Moreover, and in order to avoid water scarcity and encounter water pollution from different human activities, the Food and Agriculture Organization (FAO) has recently developed quality guidelines for irrigation water. Its ambitions went further by promoting the reuse of “treated water” for irrigation purposes, enabling a sustainable development for the Middle East region and more particularly for Lebanon (Dimitri 2010).

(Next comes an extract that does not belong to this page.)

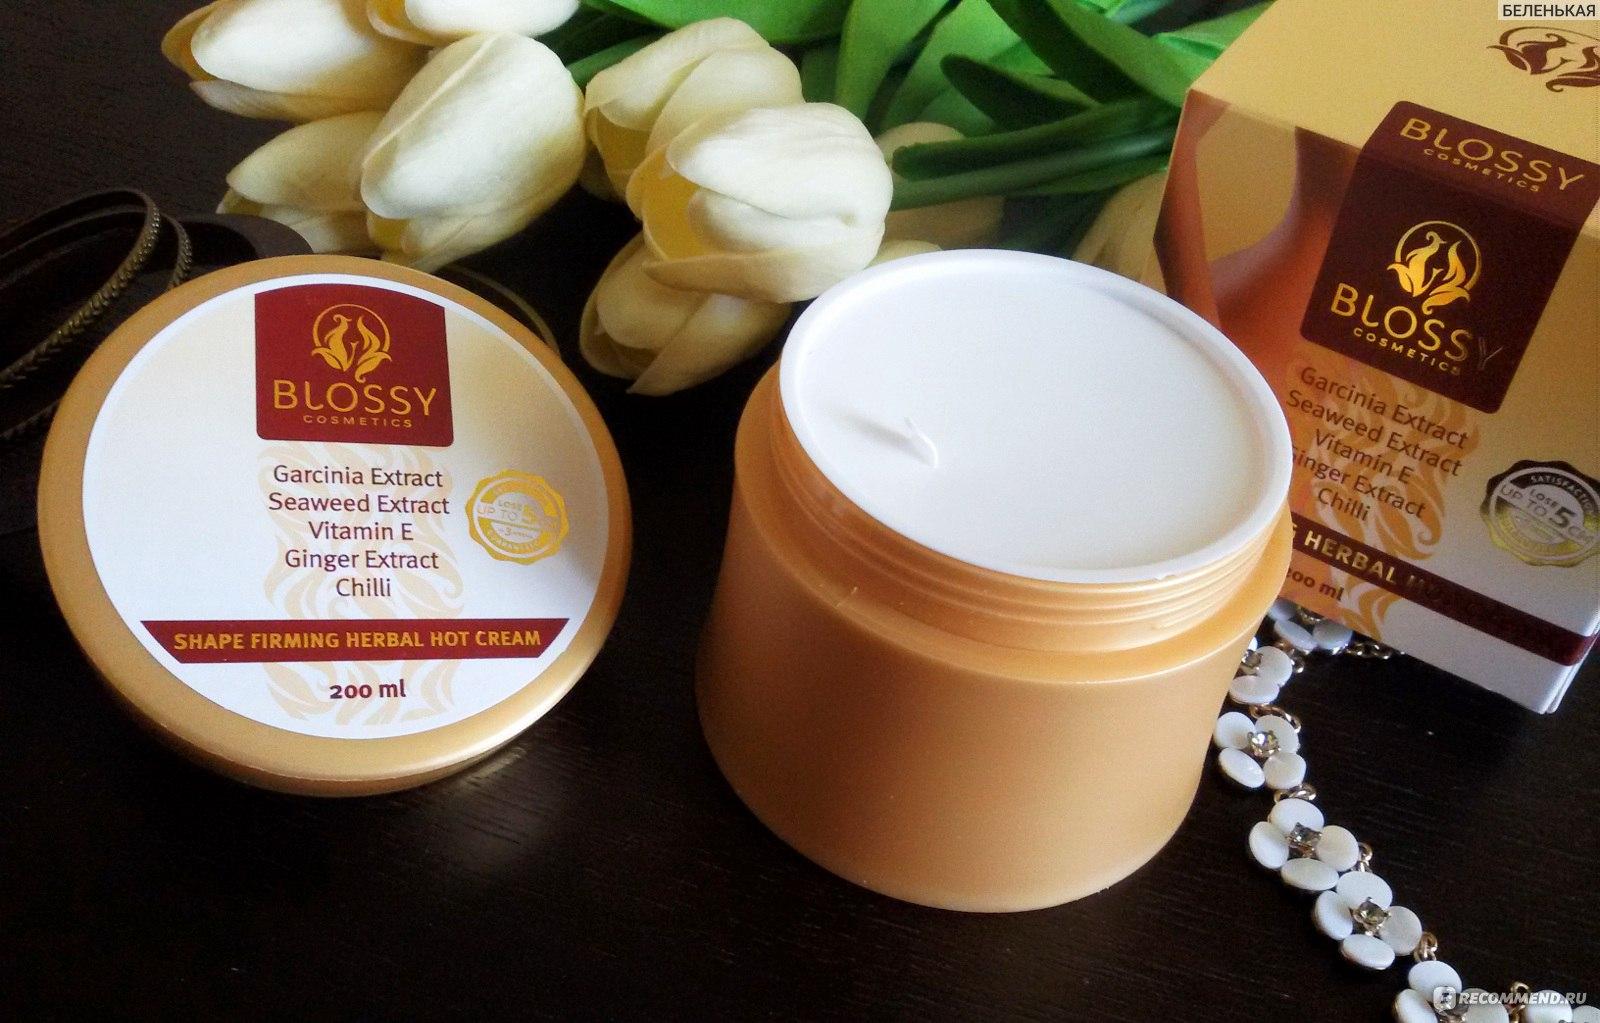 В формулу антицеллюлитного крема blossy входят такие компоненты как гарциния камбоджийская , имбирь, витамин е, экстракт глубоководных водорослей, коллаген , чили, а также вытяжки из лечебных тайских трав.

As mentioned before, surface water quality assessments often include measurements of several parameters (physical, chemical, and biological). Furthermore, samples are collected at different sampling locations and during multiple time periods. This spatiotemporal analysis generates large and complex data sets, whose interpretation requires the use of multivariate data mining techniques (Gazzaz et al. 2012; Olsen et al. 2012). Numerous chemometric tools were used in this field, such as discriminant function analysis (DFA), cluster analysis (CA), and principal factor analysis (PFA). (Gazzaz et al. 2012; Wang et al. 2013). However, the most established technique is principal component analysis (PCA) (Fan et al. 2010; Olsen et al. 2012; Ouyang 2005; Razmkhah et al. 2010; Walker et al. 2015; Zhao et al. 2012). Therefore, it was chosen to be employed in the present work.

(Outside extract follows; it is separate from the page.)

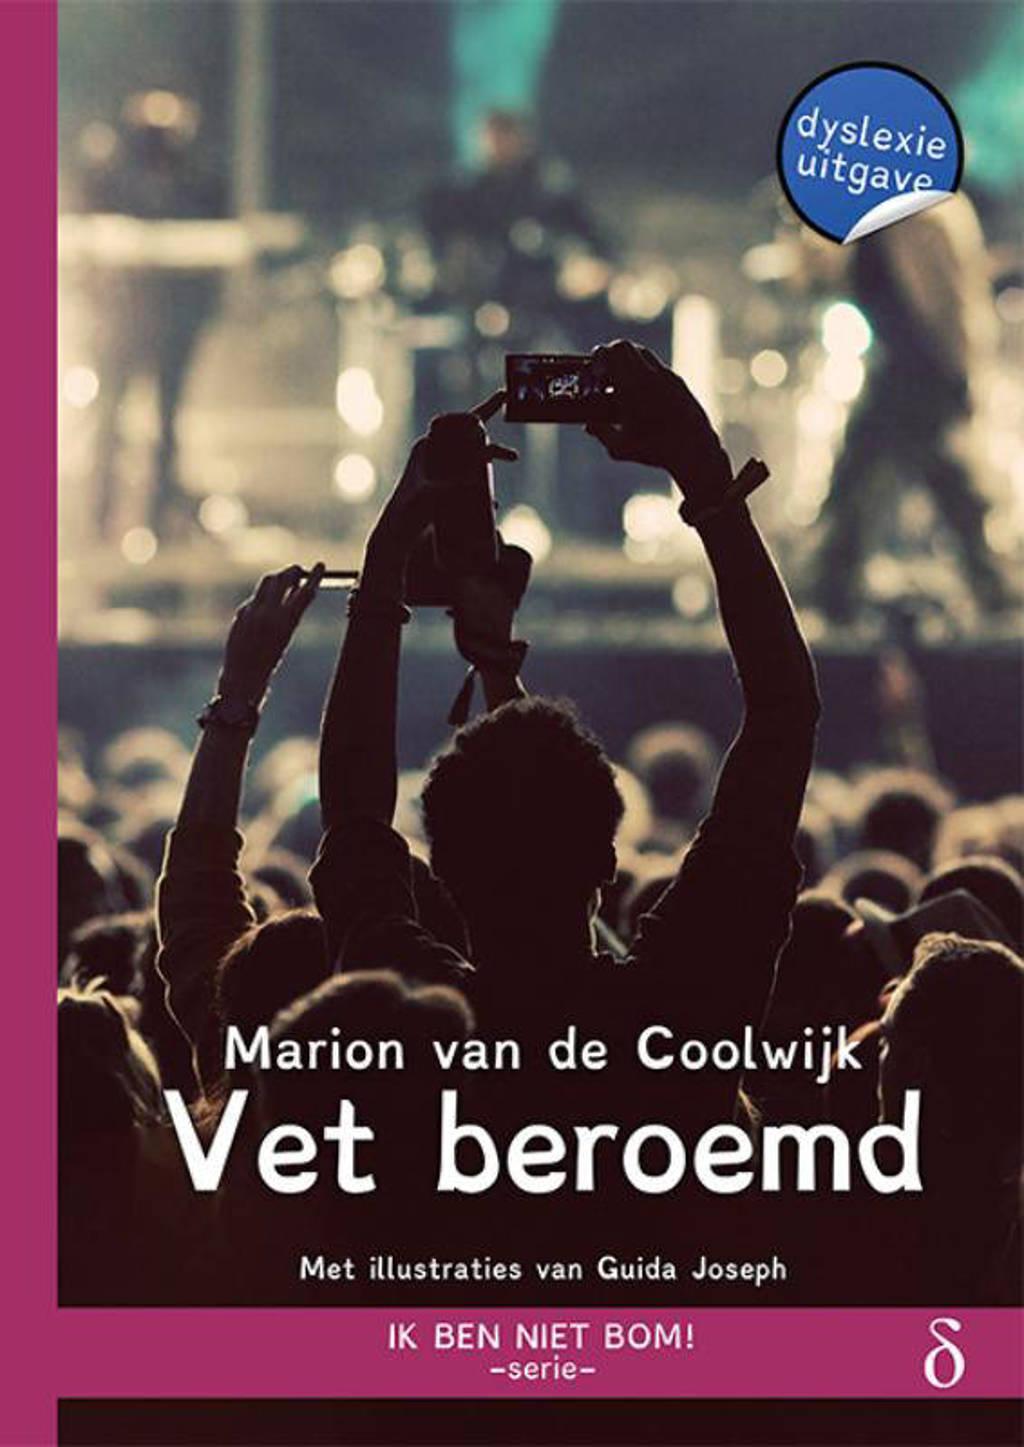 Ik ben niet bom!: Vet beroemd - Marion van de Coolwijk

In the context of what has been said, the work presented in this paper aims to assess the variability of water quality in the Arka River, located in the Lebanese region of Akkar, during the course of the season. To our knowledge, few studies have been performed on this river since it is located far from central Lebanon. Due to this lack of information, several water sampling campaigns were conducted, followed by chemical and microbiological assessments. A multidimensional approach, using PCA, was carried out on the resulting data set. Applying this chemometric tool enables a reliable and pertinent interpretation of the results allowing to highlight discriminations between samples as well as to identify parameters contributing to those discriminations. This survey analysis will hopefully help to prioritize the decisions for the purpose of improving surface water quality management in the Akkar region, especially regarding its use for irrigation.

Materials and methods

Study area

The Arka River is located in the Akkar governorate, far north of Lebanon. The Akkar region covers a total surface area of approximately 788 km2 (OCHA 2014), with the Mediterranean Sea on its western boarders, Hermel-Bekaa to the east, Syria to the north and “El Bared” River to the south. It consists of nearly 283 communities, with a population estimated to approximately 253,000 inhabitants (OCHA 2014). The Arka River originates at “Al Fawwar” spring (Rahbe, Akkar, Lebanon) and crosses 25 km, before terminating at the Mediterranean Sea, 20 km north of Tripoli (Fig. 1). This river serves as the main water supply for irrigation purposes in the Akkar plain.

Fig. 1
figure 1

Map of the study area with the locations of water quality monitoring sites (1: Al Fawwar; 2: Deir Ouza; 3: Al Khale; 4: Ilate; 5: Bakarzla; 6: Arka; 7: Sahel; 8: Outlet)

Sampling locations

In the present study, eight sampling locations were selected along the river (Fig. 1). Their coordinates are gathered in Table 1. Locations for surface water samplings were carefully selected in order to obtain representative sites throughout the river, including both reference and potentially contaminated areas. Water samples were collected at quasi-monthly intervals between March and July 2014 (3 and 17 March, 7 and 28 April, 5 and 23 June, and 15 July), giving a total of seven samples for each location. Sampling, preservation, and transportation of water samples were performed at 4 °C and without any delays, according to standard method NF T90–100.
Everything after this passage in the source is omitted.